The debaters quote a dozen sources and influences, but they frequently feature the representative ideological clash between seminal feminist Betty Friedan and arch-conservative Phyllis Schlafly whose philosophy is given surprisingly serious consideration.

It would take numerous paragraphs to adequately encompass these debates, but they touch on an ocean-wide array of topics ranging from marital politics to porn—a lot about raunchy porn. The three debaters (plus Mom as a frequent interloper) send ideas clashing, spinning and turning them on their heads under cross-examination. For instance, discussing slasher movies, one person reiterates that the movies are men vicariously punishing women victims for their new-found independence, unless some man rescues them in the last reel. But another woman argues that the last survivor in the last frame of most films is a woman who has defeated or at least survived every monster due to her own skill, courage and hardiness.

Ideas spin like electrons racing around a nucleus: sex, the possible death of a mother, alcoholism, fear of failure, fear of success, fear of relationships and trying to cope with lost dreams of the future and yet still forging ahead today.

Rapture is not meaty; it’s a nine-course gourmet banquet. It’s almost too much. Many patrons are going to feel overwhelmed and even left behind by the seminar scenes with their whitewater torrent of ideas blurring into intellectual babble.

This isn’t a bloodless academic exercise to the protagonists or us because these ideas are clearly expressions of their life experiences, and because Gionfriddo, a longtime writer and show runner on TV’s Law & Order, illustrates the consequences that these philosophies have had on their lives.

The actors and the play improve by inches through the evening and hits what stride it can in the second act when human emotions finally take a little precedence over the sociological discussions.
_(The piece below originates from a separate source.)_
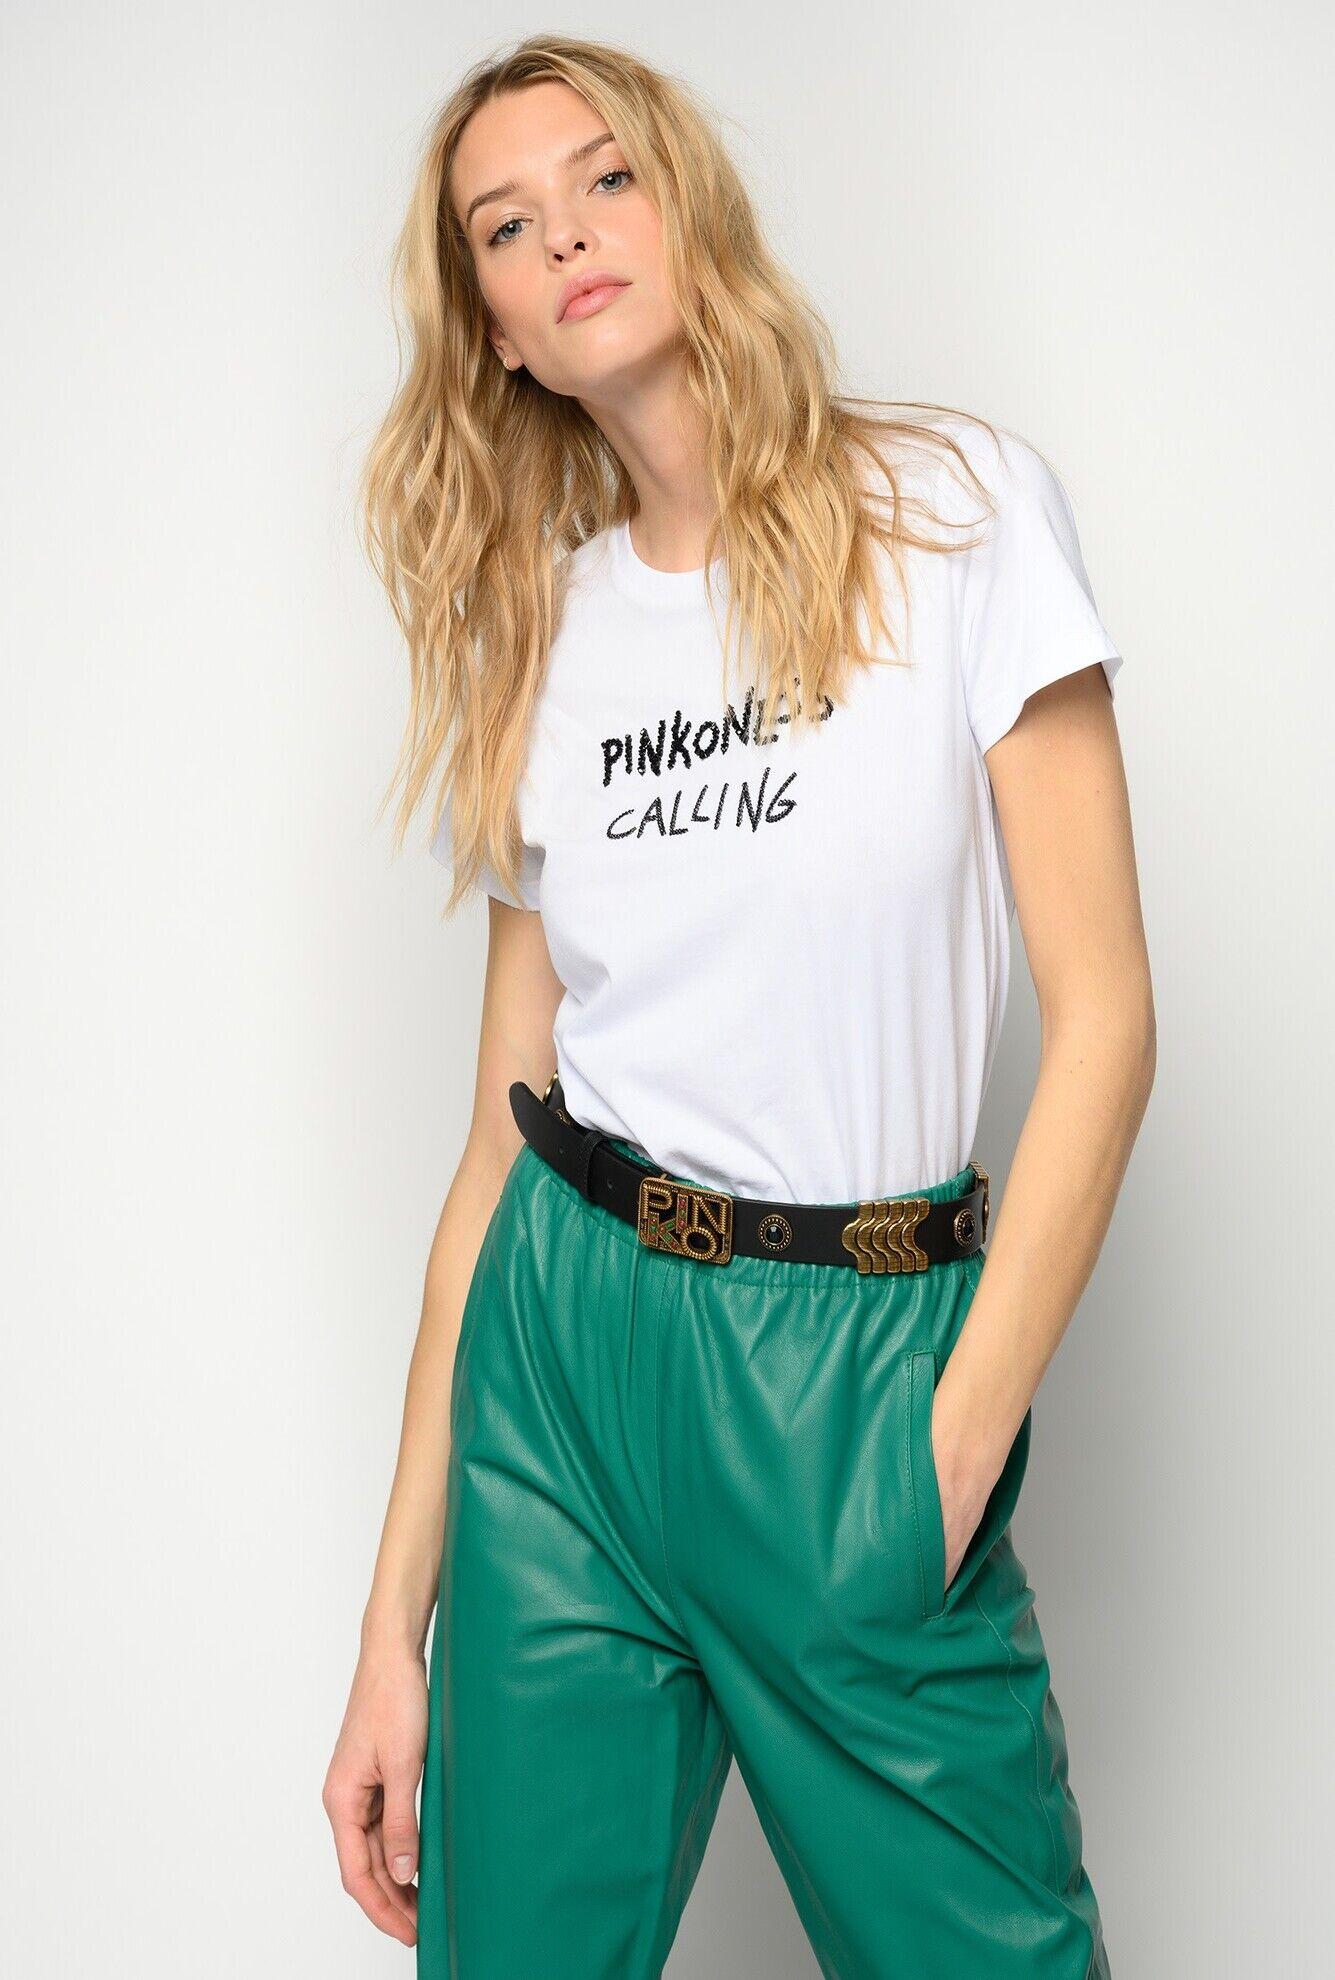 Pinkoness Calling Embroidered T-Shirt - Pinko
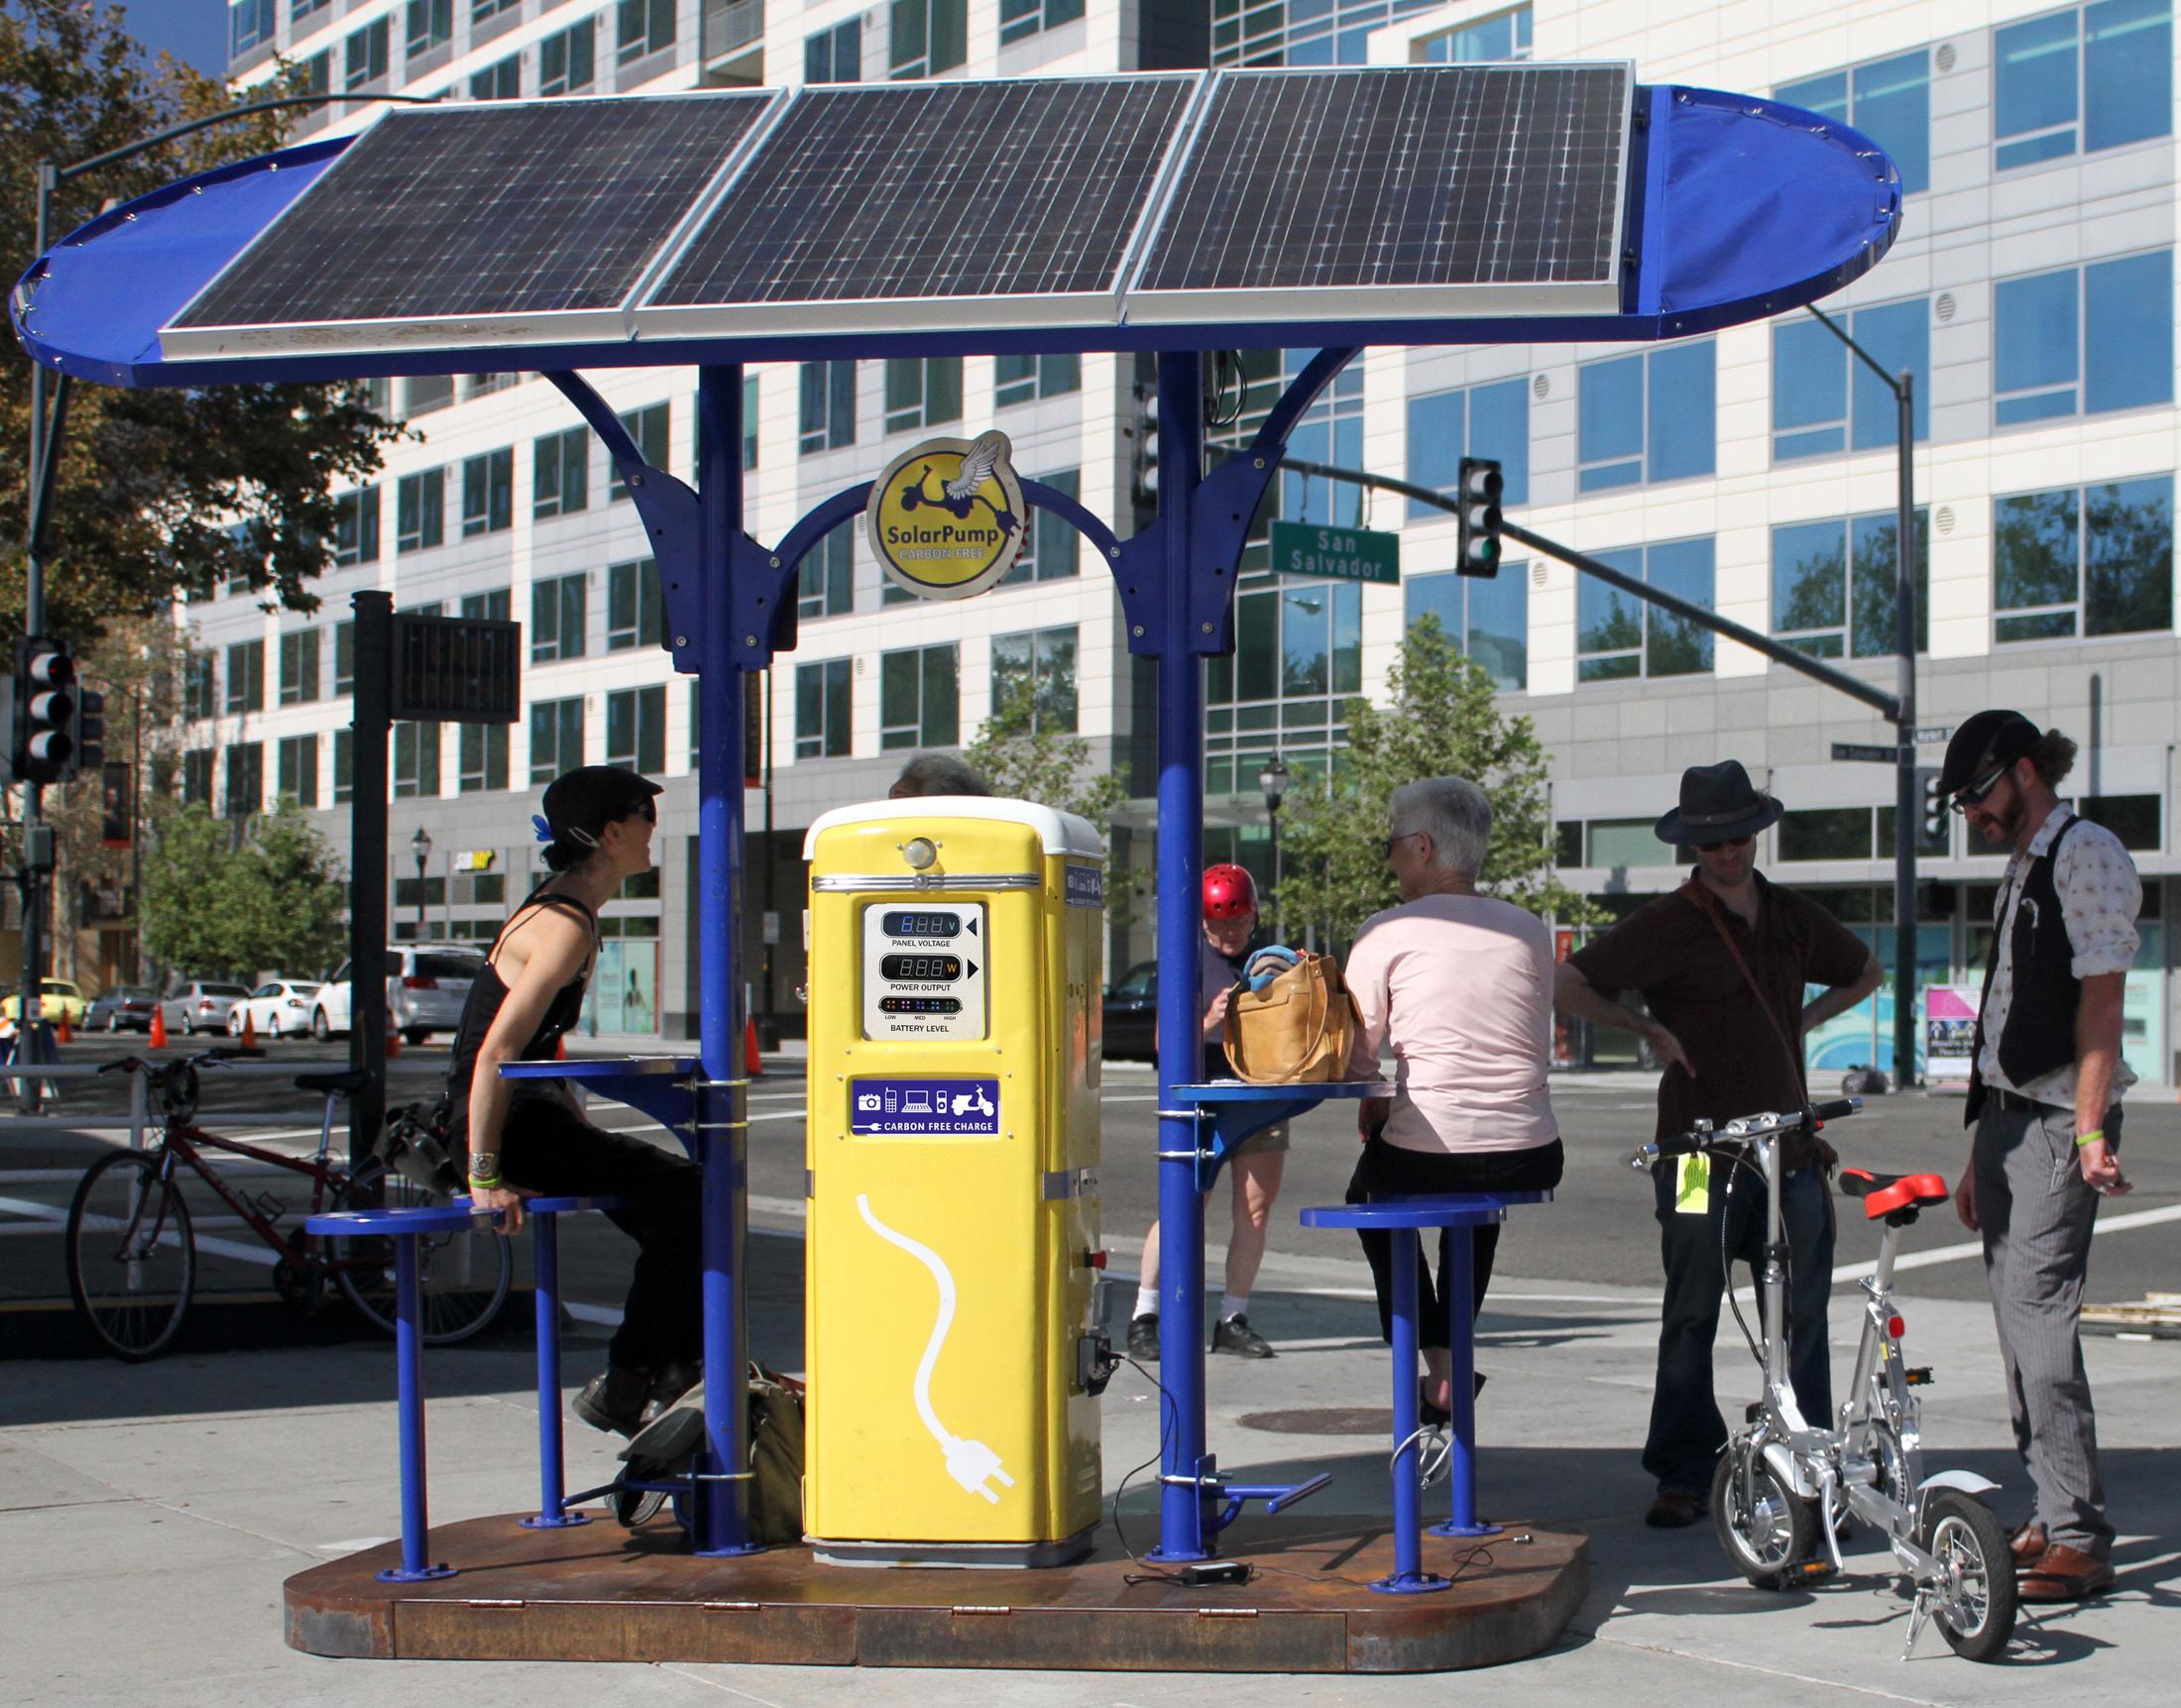 SolarPump Charging Stations

But among the most glaring problems, director Danny Nieves allows Gamero to play Don like a cartoonish self-involved slacker jerk so over the top as to strain credulity. There is no educational institution imaginable who would hire him as a dean, or that either women would remain remotely infatuated with him, as the script suggests.

Credit the actors who had to memorize the reams and reams of this material and Nieves for molding this effort, presumably a short period of time.

The good news is that Main Street Players has survived the loss of its venerable storefront venue. It has moved one block west into another storefront. The house is a little bit smaller, the stage is a little narrower but a bit deeper, and the stage lighting is better. The stage platform, is low so the company is building risers for the seating.

COVID Protocol: Masks are not required.

Rapture, Blister, Burn runs through May 15 at Main Street Playhouse, 6812 Main St., Miami Lakes. Tickets are $30 general admission and $25 for students, seniors and military. The running time is 2 hours 36 minutes with one intermission. Visit mainstreetplayers.com.